Indeed, the overriding objectives of the Sharia include the promotion of human dignity, justice, compassion, the removal of hardship, the prevention of harm, the realization of the lawful benefits of the people, and the education of the individual by inculcating in him a sense of self discipline and restraint, which aims are by no means exclusive. All else may be adapted to achieve these ends, which measures may encompass matters of concern not only to law but also to economic development, administration and politics. For those that reflect, the hardship that these little girls experience, where married off and divorced soon after, so wantonly, is certainly unacceptable within the faith.
Although the fundamentals of faith and the practical pillars on which they stand remain immutable in principle, they may be interpreted and justified at the level of implementation in the exercise of public good. This process must of need be carried out solely by persons learned and eminently qualified to speak on the subject matter in question. We must always bear in mind that the ‘appropriation’ of divine authority in religious interpretation is best left to Scholars learned in Islamic legal philosophy and analytical reasoning. Having acquired the requisite knowledge and expertise (including the capacity to weigh the various views in the particular sphere of learning in the context of our times), these Jurists would also need to have imbibed, at the barest minimum, the attributes of humility, compassion, reflection, wisdom, self-restraint, diligence, objectivity, along with piety.
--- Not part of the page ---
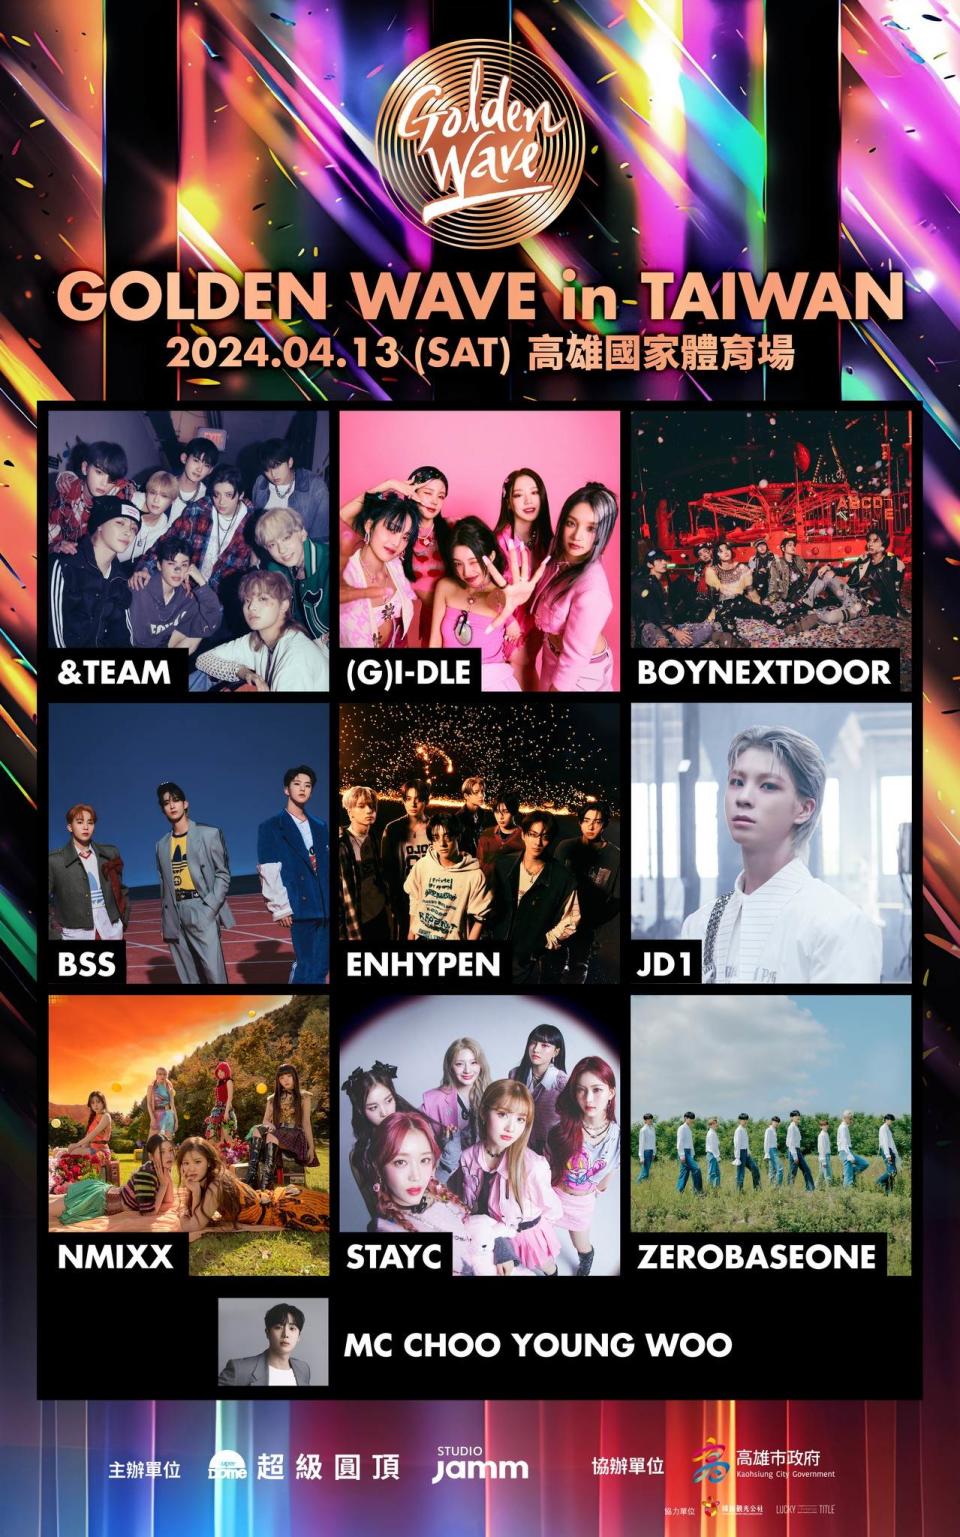 「SuperDome超級圓頂」在臉書粉專證實，即將舉辦「Golden Wave in Taiwan」圖片來源：Facebook@SuperDome 超級圓頂

Our learned Scholars must stand up and be heard, rather than remain silent on matters that so adversely affect us as individuals, as a region, a Nation and as members of a global community, which challenges paradoxically controvert the deeper meaning and purpose of the Shari’a.
Back to the issue in contention, it is important to commend the thinking behind the decision to delete the constitutional clause that seeks to lumber even an ‘intellectually immature’ girl, where married, with the grave responsibility of the power to renounce her citizenship, thereby elevating the subject of citizenship to the level whereby both men and women have similar responsibilities, without discrimination. It is hoped that ultimately, members of the Senate would reflect deeply on the implications of their recent action and revisit their decision to retain the contentious clause, if only to ensure that every Nigerian citizen of full age, without distinction, is subjected to similar standards and responsibilities under the provisions of our Constitution.